Disk Evolution Study Through Imaging of Nearby Young Stars (DESTINYS): Late infall causing disk misalignment and dynamic structures in SU Aur
C. Ginski, S. Facchini, J. Huang, M. Benisty, D. Vaendel, L. Stapper,, C. Dominik, J. Bae, F. Menard, G. Muro-Arena, M. Hogerheijde, M. McClure, R., G. van Holstein, T. Birnstiel, Y. Boehler, A. Bohn, M. Flock, E. E. Mamajek,, C. F. Manara, P. Pinilla, C. Pinte, A. Ribas

TL;DR
This study uses high-resolution imaging to reveal that late infall of material causes disk misalignment and complex structures in the young star SU Aur, highlighting ongoing disk evolution during the class II phase.
Contribution
It provides the first detailed observational evidence of late infall causing disk misalignment and dynamic structures in a class II system, using multi-instrument imaging data.
Findings
Detection of dust tails indicating material falling onto the disk
Observation of a misaligned inner disk causing shadow lanes
Evidence of late infall influencing disk evolution in a young star
Abstract
Gas-rich circumstellar disks are the cradles of planet formation.
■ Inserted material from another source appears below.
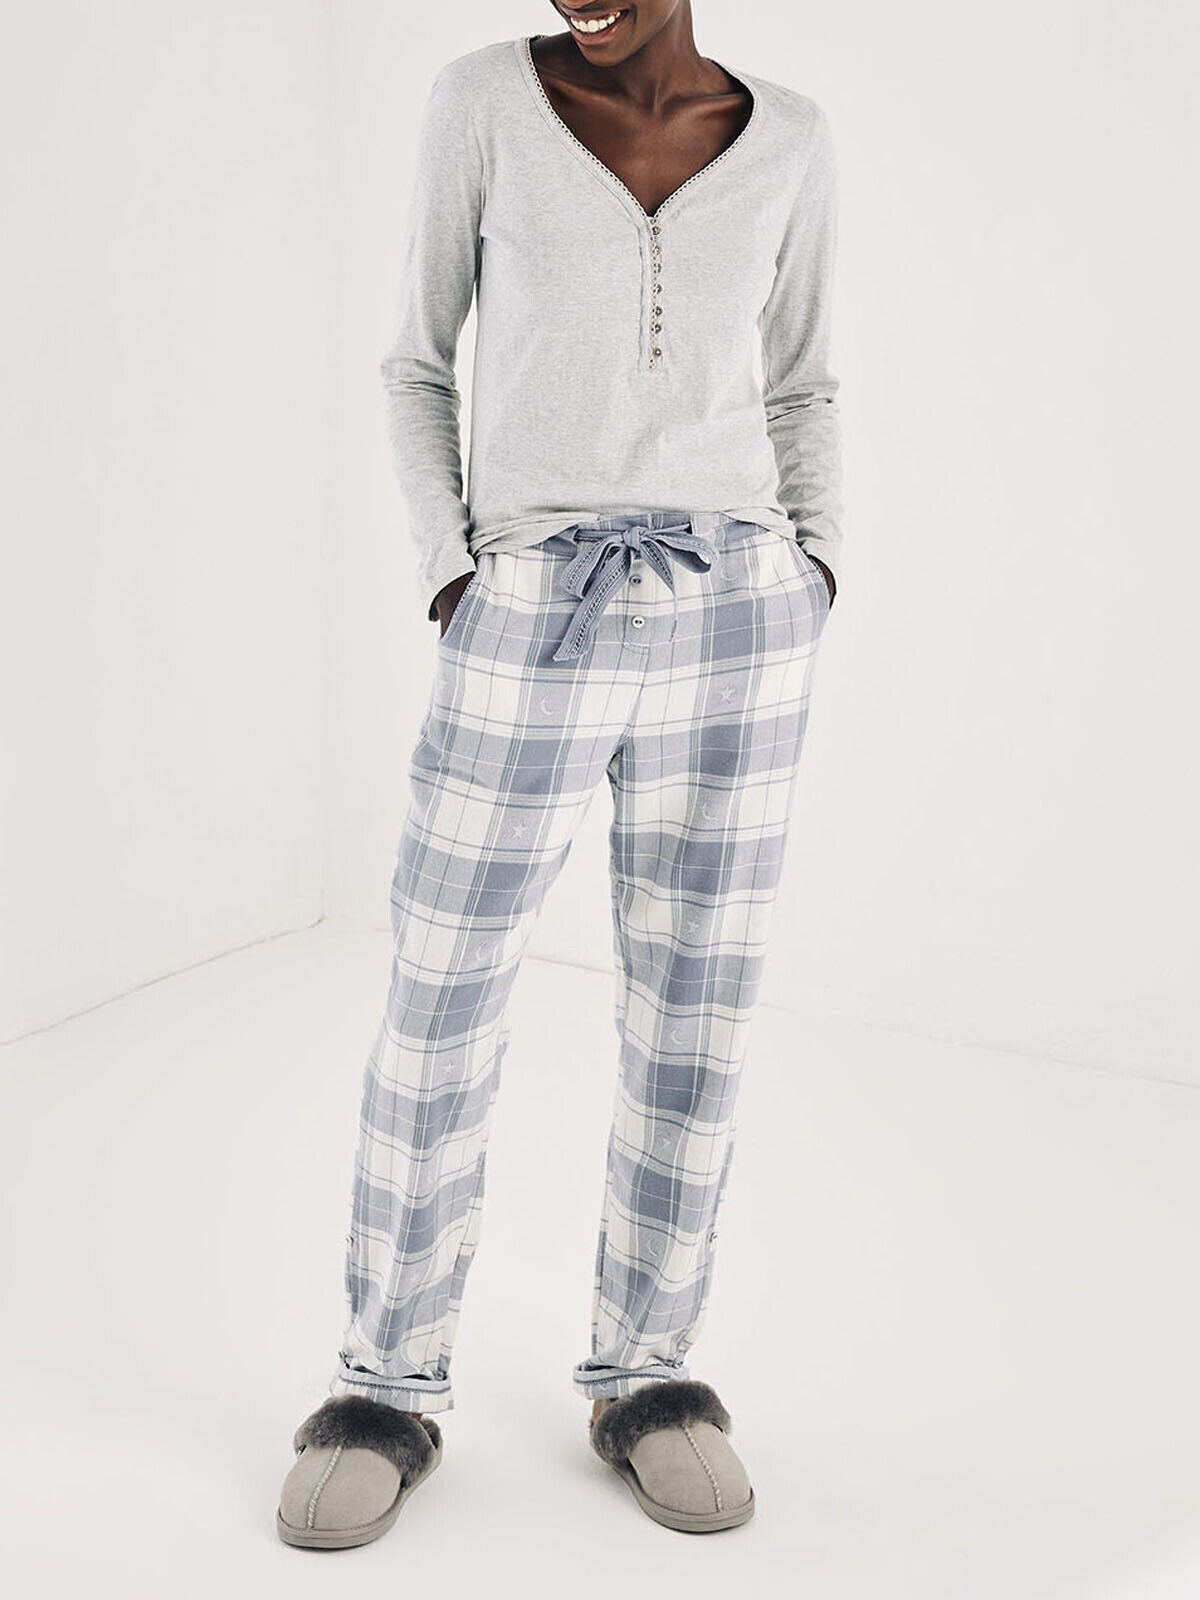 EX Fat Face Pale Blue Eva Moon Pyjama Lounge Pants 10, 12, 14, 16, 18, 22, 24

As such, their evolution will strongly influence the resulting planet population. In the ESO DESTINYS large program, we study these disks within the first 10 Myr of their development with near-infrared scattered light imaging. Here we present VLT/SPHERE polarimetric observations of the nearby class II system SU Aur in which we resolve the disk down to scales of ~7 au. In addition to the new SPHERE observations, we utilize VLT/NACO, HST/STIS and ALMA archival data. The new SPHERE data show the disk around SU Aur and extended dust structures in unprecedented detail. We resolve several dust tails connected to the Keplerian disk. By comparison with ALMA data, we show that these dust tails represent material falling onto the disk. The disk itself shows an intricate spiral structure and a shadow lane, cast by an inner,…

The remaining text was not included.